10 March 2011

It is Always the Media's Fault


Last summer NCAR issued a dramatic press release announcing that oil from the Gulf spill would soon be appearing on the beaches of the Atlantic ocean.  I discussed it here.

Here are the first four paragraphs of that press release:
BOULDER—A detailed computer modeling study released today indicates that oil from the massive spill in the Gulf of Mexico might soon extend along thousands of miles of the Atlantic coast and open ocean as early as this summer. The modeling results are captured in a series of dramatic animations produced by the National Center for Atmospheric Research (NCAR) and collaborators.

The research was supported in part by the National Science Foundation, NCAR’s sponsor. The results were reviewed by scientists at NCAR and elsewhere, although not yet submitted for peer-review publication.

“I’ve had a lot of people ask me, ‘Will the oil reach Florida?’” says NCAR scientist Synte Peacock, who worked on the study. “Actually, our best knowledge says the scope of this environmental disaster is likely to reach far beyond Florida, with impacts that have yet to be understood.”

The computer simulations indicate that, once the oil in the uppermost ocean has become entrained in the Gulf of Mexico’s fast-moving Loop Current, it is likely to reach Florida's Atlantic coast within weeks. It can then move north as far as about Cape Hatteras, North Carolina, with the Gulf Stream, before turning east. Whether the oil will be a thin film on the surface or mostly subsurface due to mixing in the uppermost region of the ocean is not known.
A few weeks ago NCAR's David Hosansky who presumably wrote that press release, asks whether NCAR got it wrong.  His answer?  No, not really:
During last year’s crisis involving the massive release of oil into the Gulf of Mexico, NCAR issued a much-watched animation projecting that the oil could reach the Atlantic Ocean. But detectable amounts of oil never made it to the Atlantic, at least not in an easily visible form on the ocean surface. Not surprisingly, we’ve heard from a few people asking whether NCAR got it wrong.

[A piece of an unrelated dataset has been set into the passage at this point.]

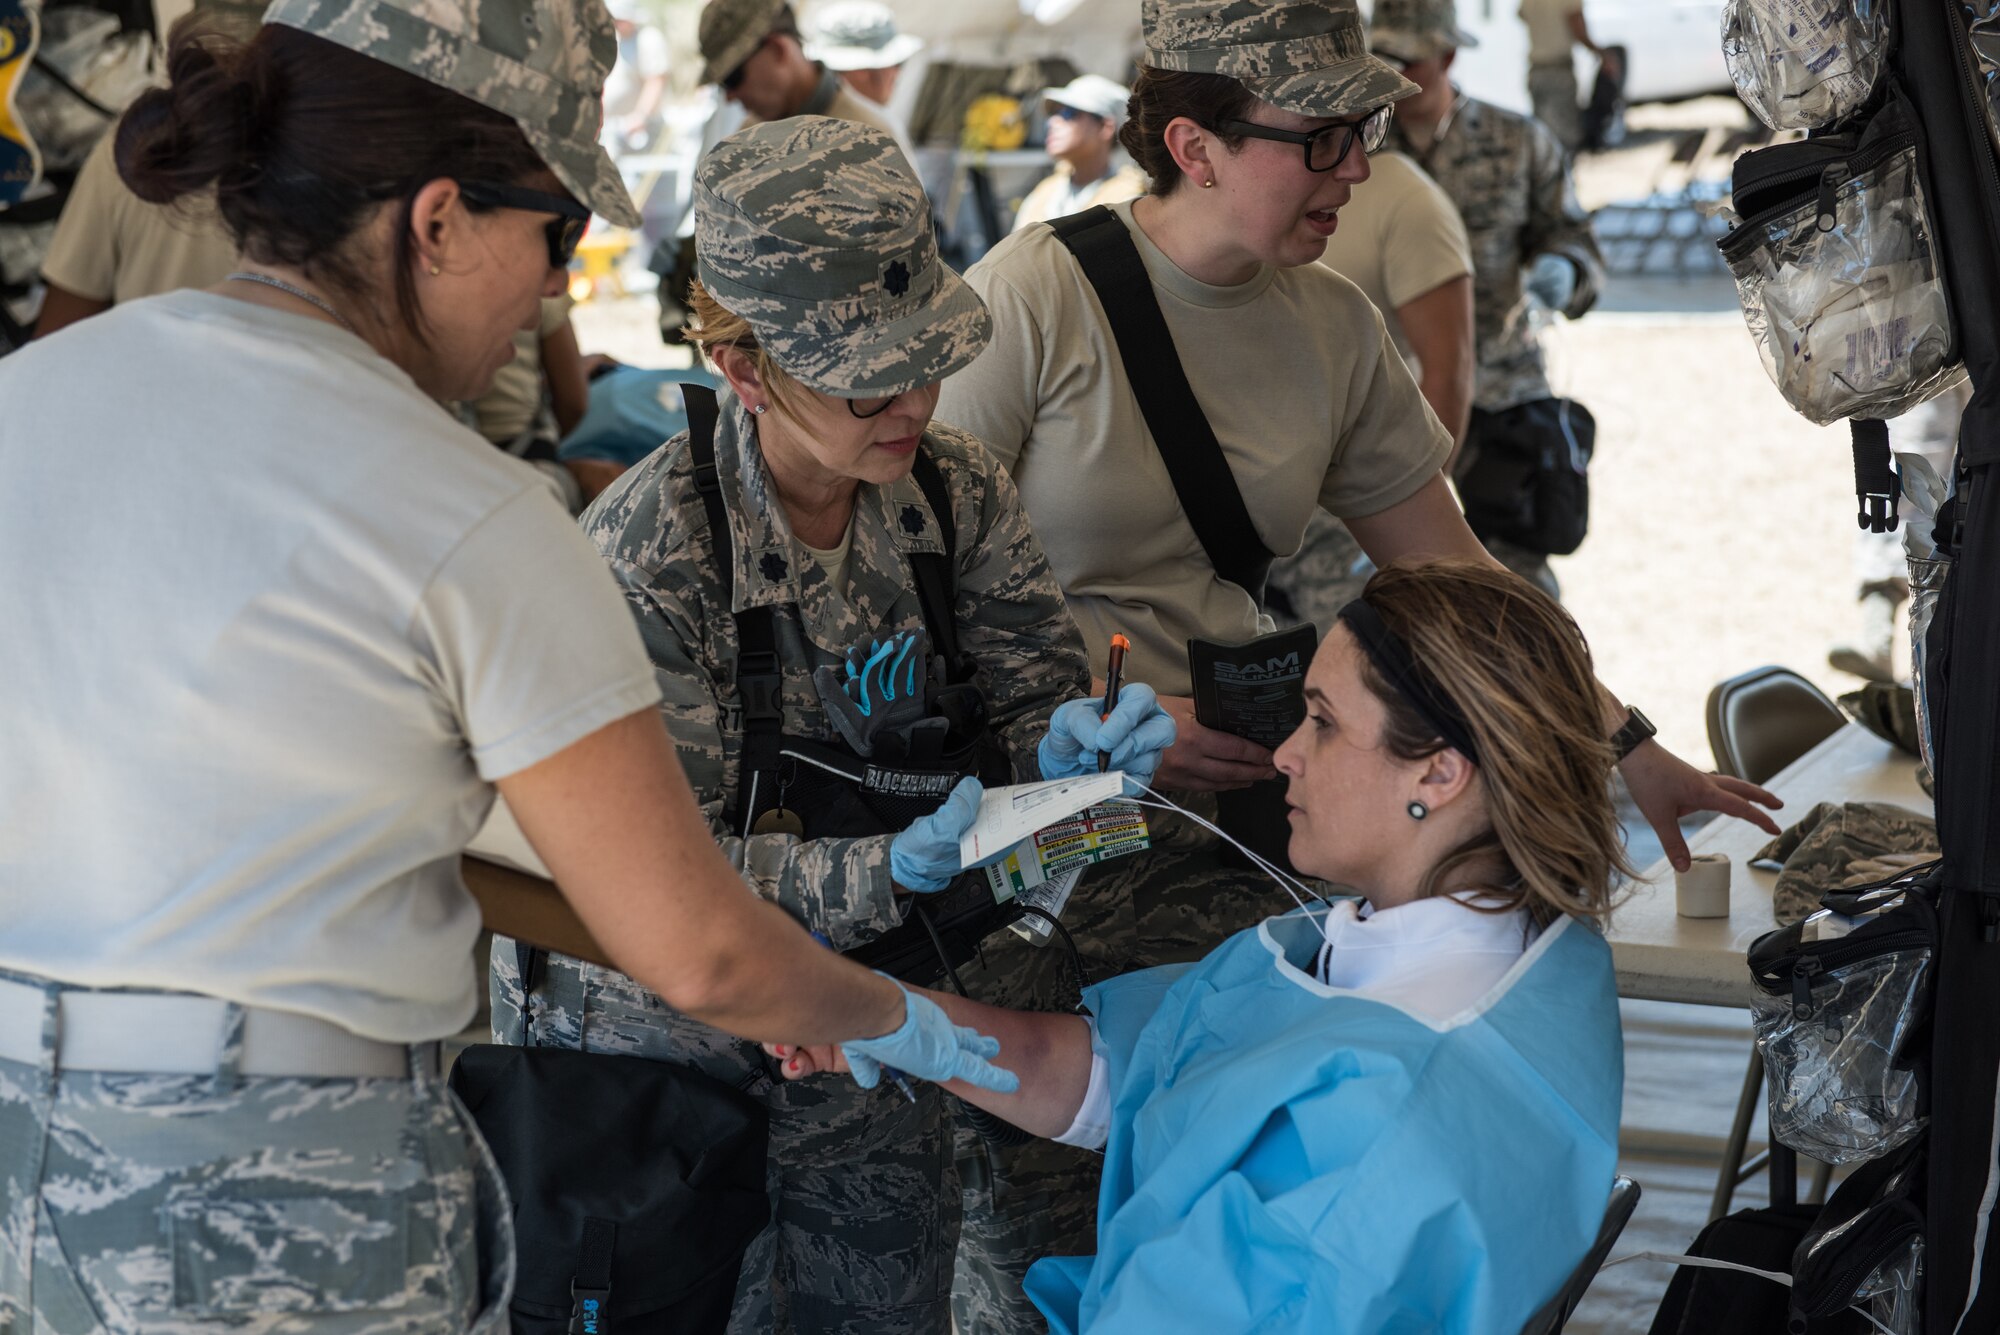 U.S. Airmen with the 156th Medical Group, Puerto Rico Air National Guard and the 193rd Special Operations Medical Group Detachment 1, Pennsylvania ANG, provide treatment for a casualty actor during exercise Vigilant Guard.

These events serve as a healthy reminder of a couple of things:

*the difference between a projection and an actual forecast
*the challenges of making short-term projections of natural processes that can act chaotically, such as ocean currents
What then went wrong?
First, the projection. Scientists from NCAR, the Department of Energy’s Los Alamos National Laboratory, and IFM-GEOMAR in Germany did not make a forecast of where the oil would go. Instead, they issued a projection. While there’s not always a clear distinction between the two, forecasts generally look only days or hours into the future and are built mostly on known elements (such as the current amount of humidity in the atmosphere). Projections tend to look further into the future and deal with a higher number of uncertainties (such as the rate at which oil degrades in open waters and the often chaotic movements of ocean currents).

Aware of the uncertainties, the scientific team projected the likely path of the spill with a computer model of a liquid dye. They used dye rather than actual oil, which undergoes bacterial breakdown, because a reliable method to simulate that breakdown was not available. As it turned out, the oil in the Gulf broke down quickly due to exceptionally strong bacterial action and, to some extent, the use of chemical dispersants.

Second, the challenges of short-term behavior. The Gulf's Loop Current acts as a conveyor belt, moving from the Yucatan through the Florida Straits into the Atlantic. Usually, the current curves northward near the Louisiana and Mississippi coasts—a configuration that would have put it on track to pick up the oil and transport it into open ocean. However, the current’s short-term movements over a few weeks or even months are chaotic and impossible to predict. Sometimes small eddies, or mini-currents, peel off, shifting the position and strength of the main current.

To determine the threat to the Atlantic, the research team studied averages of the Loop Current’s past behavior in order to simulate its likely course after the spill and ran several dozen computer simulations under various scenarios. Fortunately for the East Coast, the Loop Current did not behave in its usual fashion but instead remained farther south than usual, which kept it far from the Louisiana and Mississippi coast during the crucial few months before the oil degraded and/or was dispersed with chemical treatments.

The Loop Current typically goes into a southern configuration about every 6 to 19 months, although it rarely remains there for very long. NCAR scientist Synte Peacock, who worked on the projection, explains that part of the reason the current is unpredictable is “no two cycles of the Loop Current are ever exactly the same." She adds that the cycles are influenced by such variables as how large the eddy is, where the current detaches and moves south, and how long it takes for the current to reform.

Computer models can simulate the currents realistically, she adds. But they cannot predict when the currents will change over to a new cycle.

The scientists were careful to explain that their simulations were a suite of possible trajectories demonstrating what was likely to happen, but not a definitive forecast of what would happen. They reiterated that point in a peer-reviewed study on the simulations that appeared last August in Environmental Research Letters. 
So who was at fault?  According to Hosansky it was those dummies in the media:
These caveats, however, got lost in much of the resulting media coverage.
Another perspective is that having some of these caveats in the press release might have been a good idea.